В часы досуга, когда мы возились на песчаном берегу озера Бабин или кувыркались в шумной схватке на лугу за хижиной, у меня не раз появлялось искушение обучить этих способных учеников каким-нибудь цирковым фокусам.
Маленькие задаваки с удовольствием ходили на передних лапах, делали сальто или скакали в каком-то диком подобии фламенко.
Ручные медведи, конечно, самые выдающиеся циркачи среди всех зверей. По мнению дрессировщиков, они не только легко поддаются обучению, но и гораздо более надежны в работе — даже больше, чем собаки и обезьяны, — ведь они овладевают богатым набором сложных трюков.
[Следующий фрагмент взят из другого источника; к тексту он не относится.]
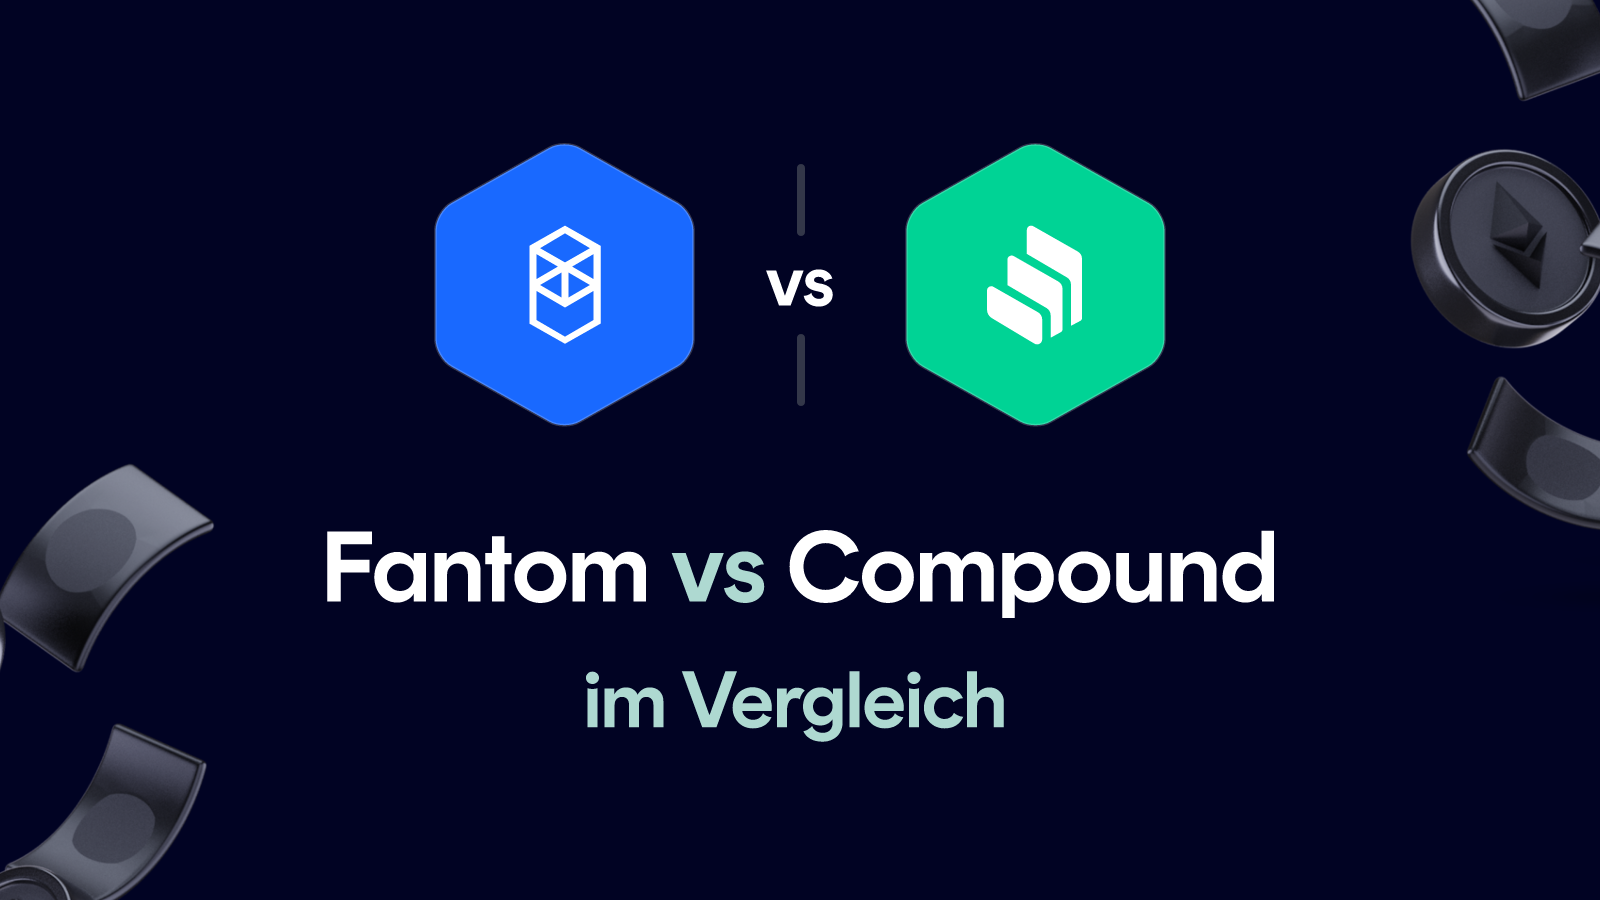 Fantom vs Compound

Меня не переставало удивлять, насколько просто ладить с медведями. Их плохие привычки были немногочисленны и легко преодолевались. Поскольку я не видел никакого проку для медведей в трюках, я устоял перед искушением их этому обучать.
Июль кончался, и вот уже месяц не было дождей. Съедобные грибы — пластинчатые и дождевики, сморчки и белые, — которых обычно в это время было видимо-невидимо, исчезли, и на полянах, и в лесу у гниющих стволов. Ягоды еще были, но все труднее становилось выкапывать луковицы и корневища растений, потому что лесная подстилка и почва высохли. Наша восьмикилометровая охотничья территория уже не могла прокормить трех подросших медвежат. Птицы из нашего района улетели. Нам пришлось осваивать новую территорию, а это означало браконьерство на чужой земле, где кормились другие звери, и тем самым нарушение равновесия всего лесного сообщества. Так как район реки Наггет-Крик казался нам самым богатым, как-то утром мы двинулись по ее берегам сквозь заросли кошачьего когтя, дикого винограда, ивняка и ольхи к бобровой запруде в миле от озера. С полдюжины бобров, запасающихся молодыми ивовыми побегами, укрылись в хатке на острове, который они построили посреди пруда. Приняв это бегство за вызов, медвежата плюхнулись в воду и поплыли к островку. Бобры не показывались, и медвежата решили, что интереснее ловить крупных лососей. Меня всегда поражала ловкость и сила их передних лап. Не прошло и минуты, как мокрые насквозь медвежата сидели на мелководье и лопали каждый свою красную рыбину.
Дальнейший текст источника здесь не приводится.